At an emotional level, it sounded commendable that Daily Maverick received this kind of solidarity from eNCA. Indeed, some in the media applauded. It's the kind of solidarity that is neither in the interest of the media nor its audiences.
Frankly, Daily Maverick could do without it because everyone knows why it was banned. Now, how does eNCA deal with the EFF from now on? Was the boycott temporary? Will it invite EFF leaders as studio guests in future? Will it cover the EFF's contribution to parliamentary debates?
The implications of the decision to boycott the EFF conference are so serious that it should not have been taken without soliciting input from all journalists on the channel. The decision on the show of support of whatever kind to Daily Maverick should have been anchored on eNCA's editorial policies and a robust debate within the newsroom.
As it stands, it looks like eNCA effectively banned its journalists from covering the conference, thus ironically putting itself in the position of the wrongdoer, the EFF, whose actions were the cause for concern. eNCA newsroom managers might have violated media freedom from within.
These developments at eNCA have created an environment for the channel to be attacked from all angles.
Its human resources practices are being questioned. The treatment of journalists on the channel and recently the unprofessional manner in which the resignation of reporter Samkele Maseko was handled have put eNCA in a position firmly as the subject of news, not the messenger.
eNCA has over the years grown in influence.
When the SABC experienced turbulence, leading to questionable editorial decisions in the past including banning of certain political analysts on some of its channels, those who had access to eNCA had options for news coverage.
As things stand, the new management at the SABC is proving that it is possible for the public broadcaster to report impartially and fairly.

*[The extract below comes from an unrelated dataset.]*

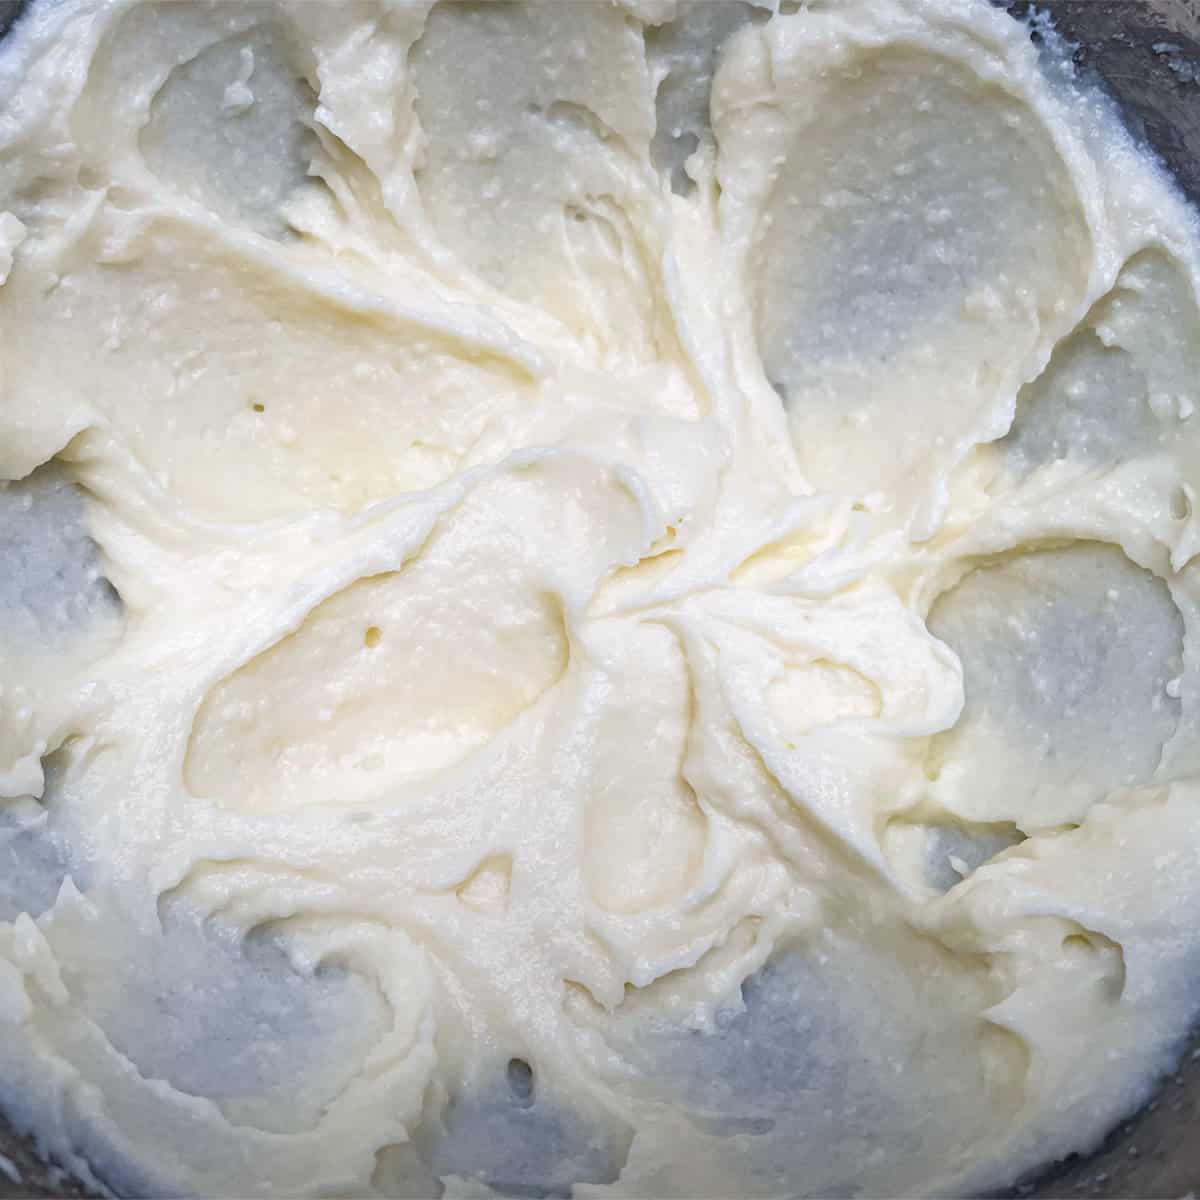 The creamy looking mixture of butter, sugar, and ricotta together in a mixer bowl.
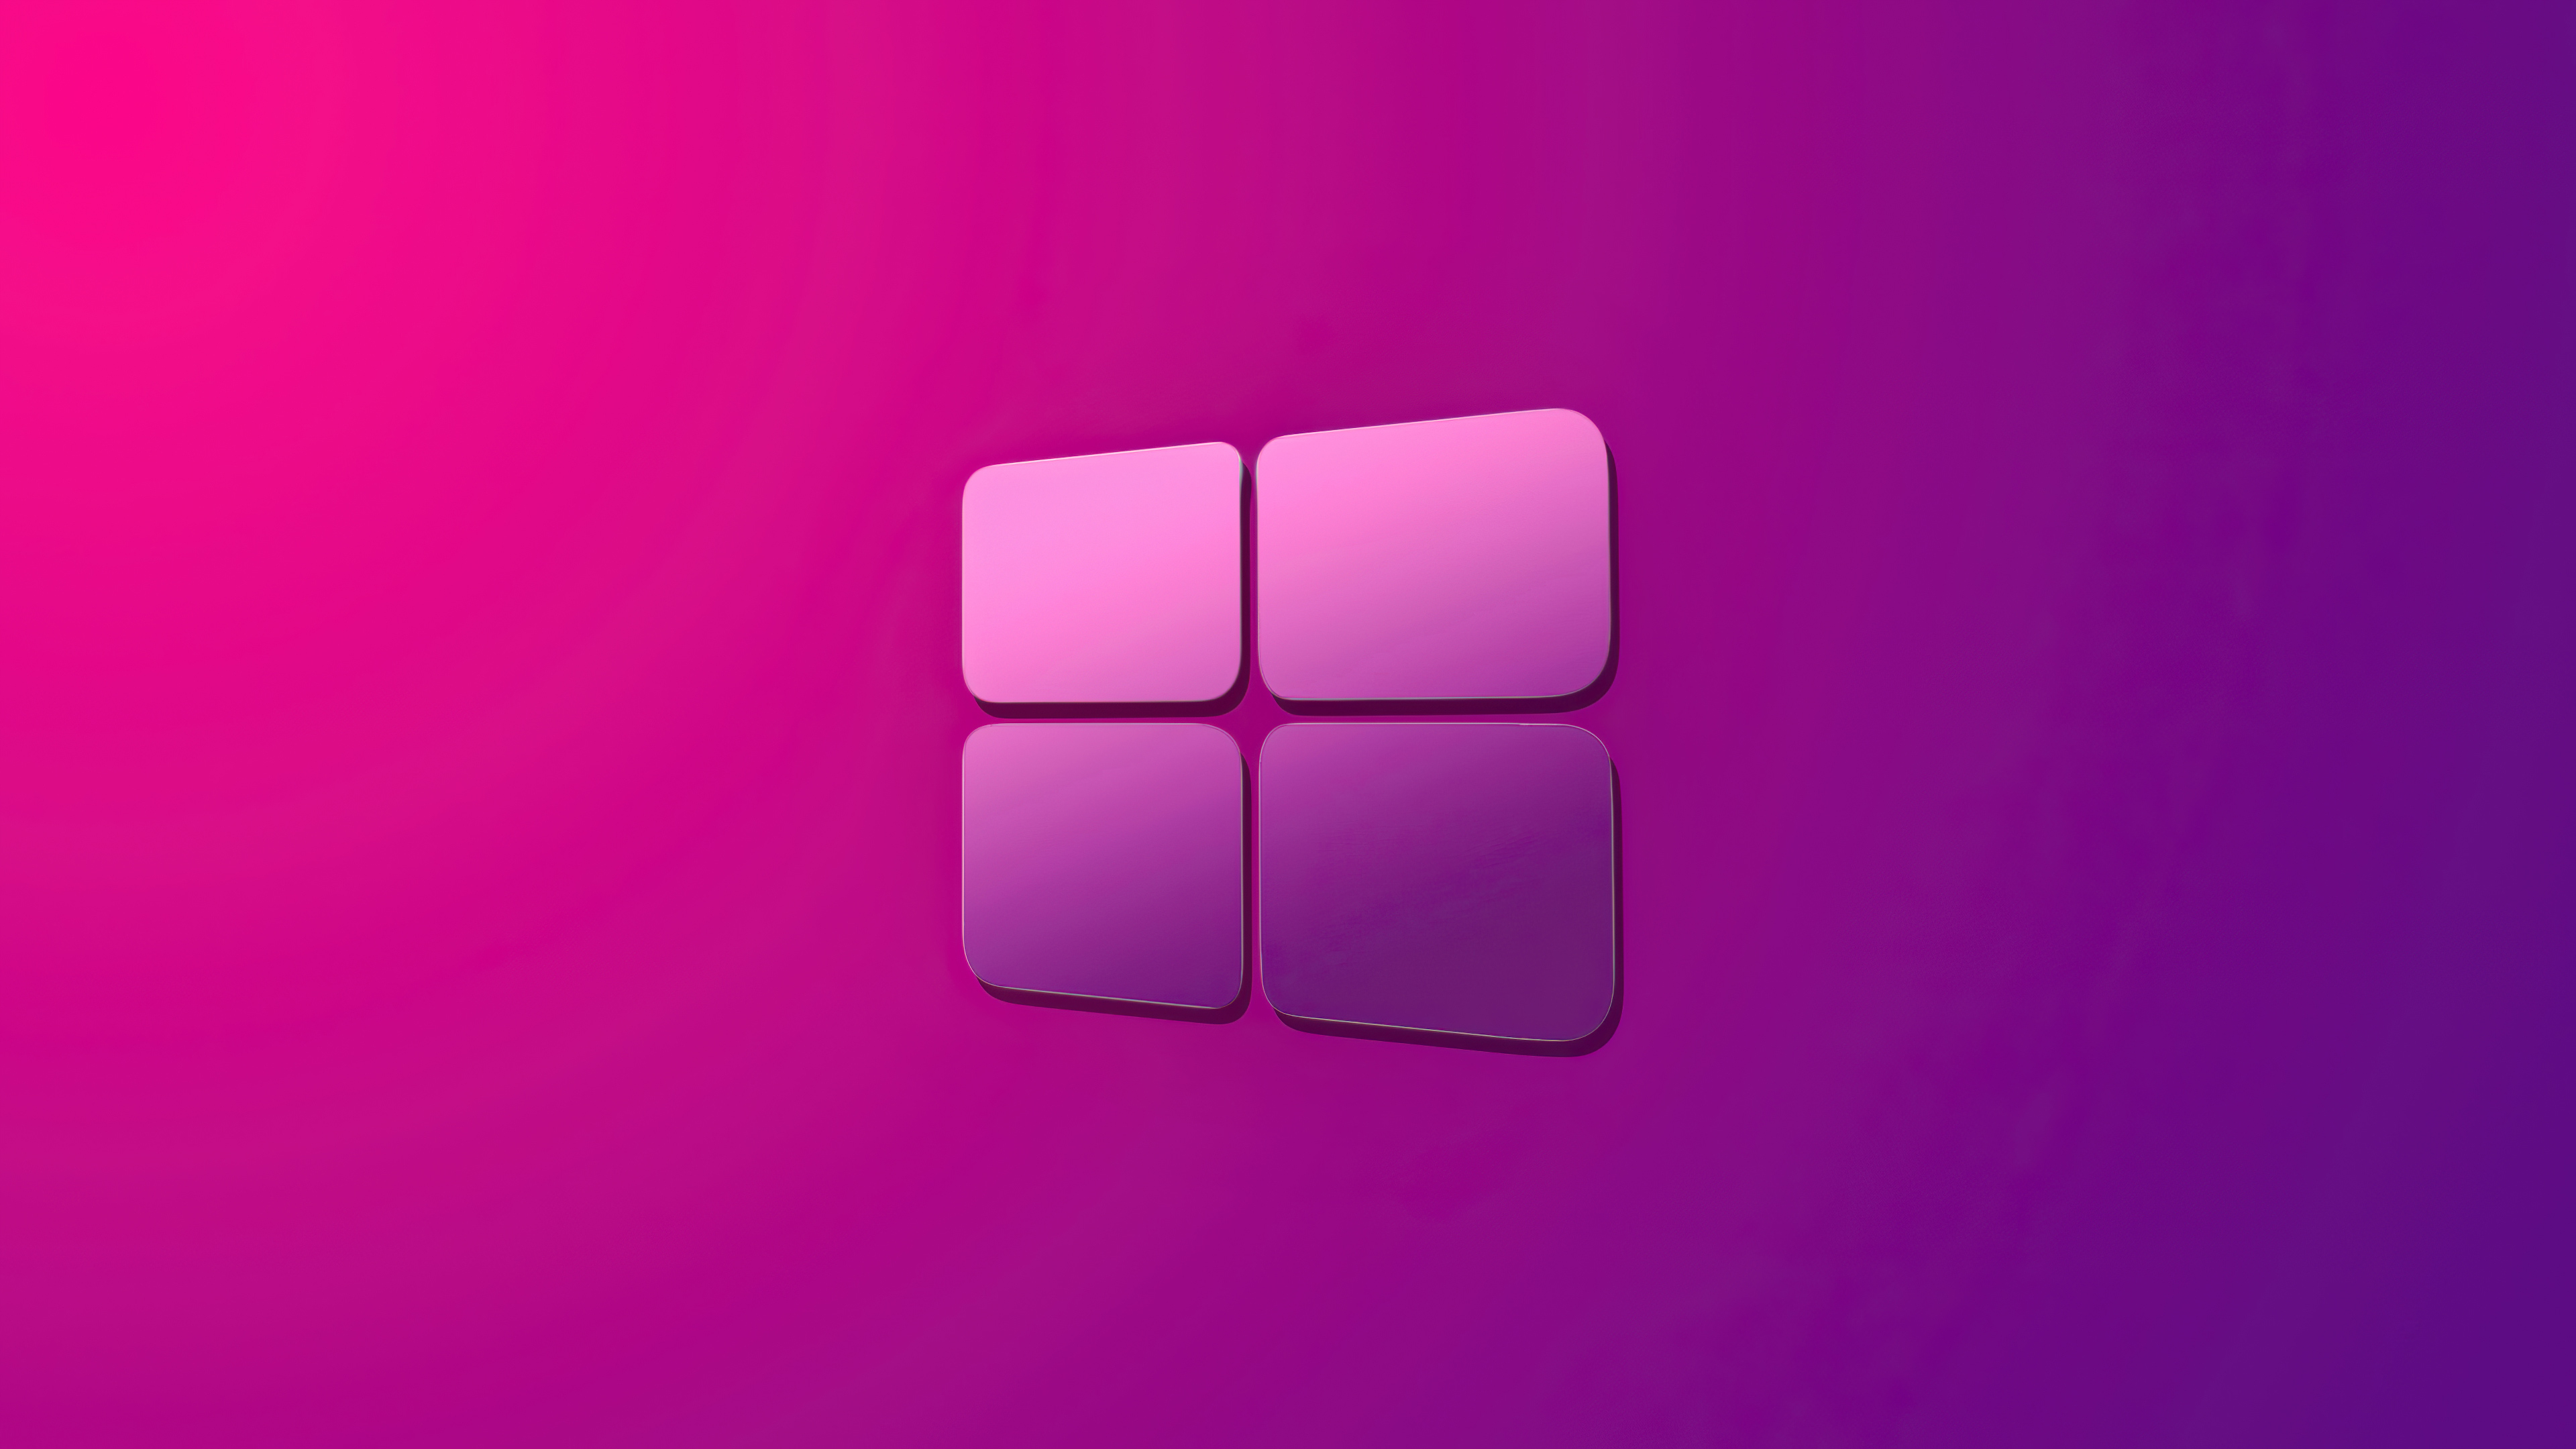 3840x2160 1366x768 Windows 10 Pink Purple Gradient Logo 4k 1366x768 Resolution HD 4k Wallpapers, Images, Backgrounds, Photos and Pictures

The SABC is recovering; eNCA is slipping backwards.
Our democracy needs strong and diverse media institutions.
The decline of eNCA and the crises in many newsrooms typically precipitated by strange motives of media owners poses a danger to the sustainability of our democratic project. A weak media cannot contribute to a strong democratic culture.
eNCA must go back to the drawing board and revisit its editorial and human resource practices.
- Mkhabela is a regular columnist for News24.